Cher Theus,
A l'heure où je t'écris, une mésange grignote des miettes de pain sur la terrasse, mon programme informatique rame et fait vrombir mon laptop, Bernard Lavilliers récite un poème de Baudelaire à la radio, le vernis à ongle durcit aux extrémités de mes pieds, les cartons de déménagement attendent de s'emplir. A l'heure où je t'écris, je voudrais être une femme déterminée, au regard clair, gestes amples et longues jambes. Ma traduction s'embourbe, les poils de mes bras dansotent dans le courant d'air qui traverse la cuisine. Le plancher craque et un enfant hurle dans la rue. Le Mont-Blanc est immobile, la bouilloire crachote sa vapeur chaude, mon coeur bat, mes paupières suivent les mouvements de mes globes oculaires, mes doigts tracent des mots.
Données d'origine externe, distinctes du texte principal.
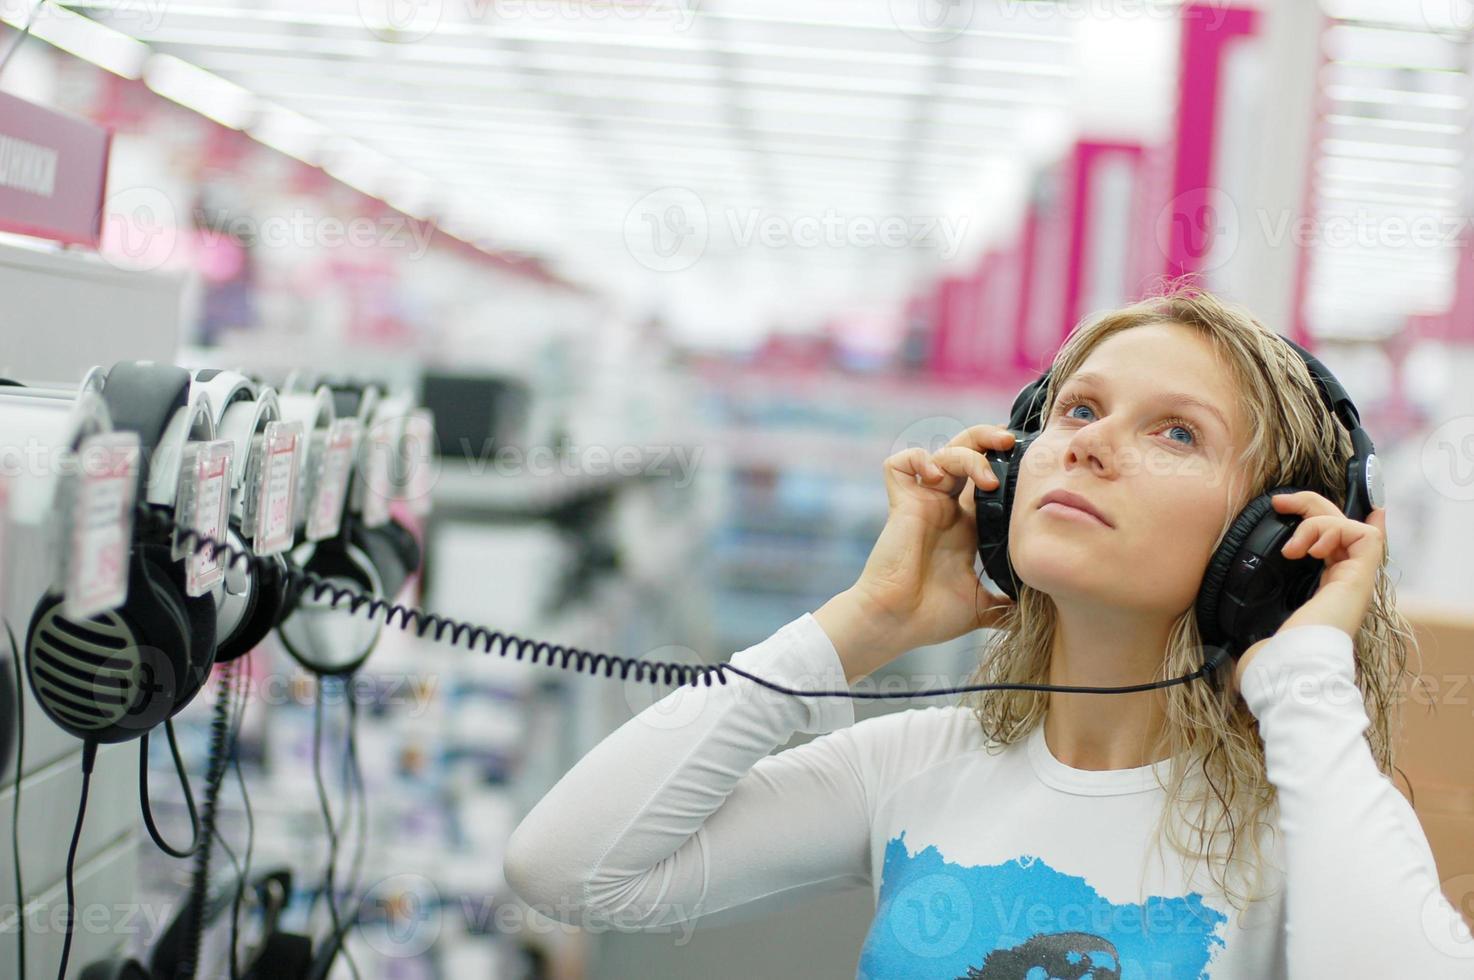 jong meisje luistert naar leuke muziek in een winkel foto

Un beau sentiment monte en moi comme une eau tranquille. Je suis un vase aux cheveux bruns, une vasque cuivrée au nez pointu. Je suis un réceptable et aujoud'hui ce qui monte en moi est transparent et précieux. Demain, ce sera peut-être une pâte visqueuse et putride, mais aujourd'hui je savoure cette eau-de-vie.
Parle-moi de cette femme qui fait irruption dans ta vie. Je ne ressens pas l'aiguillon de la jalousie. De la curiosité, plutôt. Notre relation est loin des ondes de séduction. Divertis-moi. Je suis si concentrée sur moi-même, ces jours. Chacun de mes pas me semble si crucial.
Je t'embrasse. Nul besoin de mon adresse physique, désormais nous pouvons nous fier aux voies moins explorées qui sont les nôtres.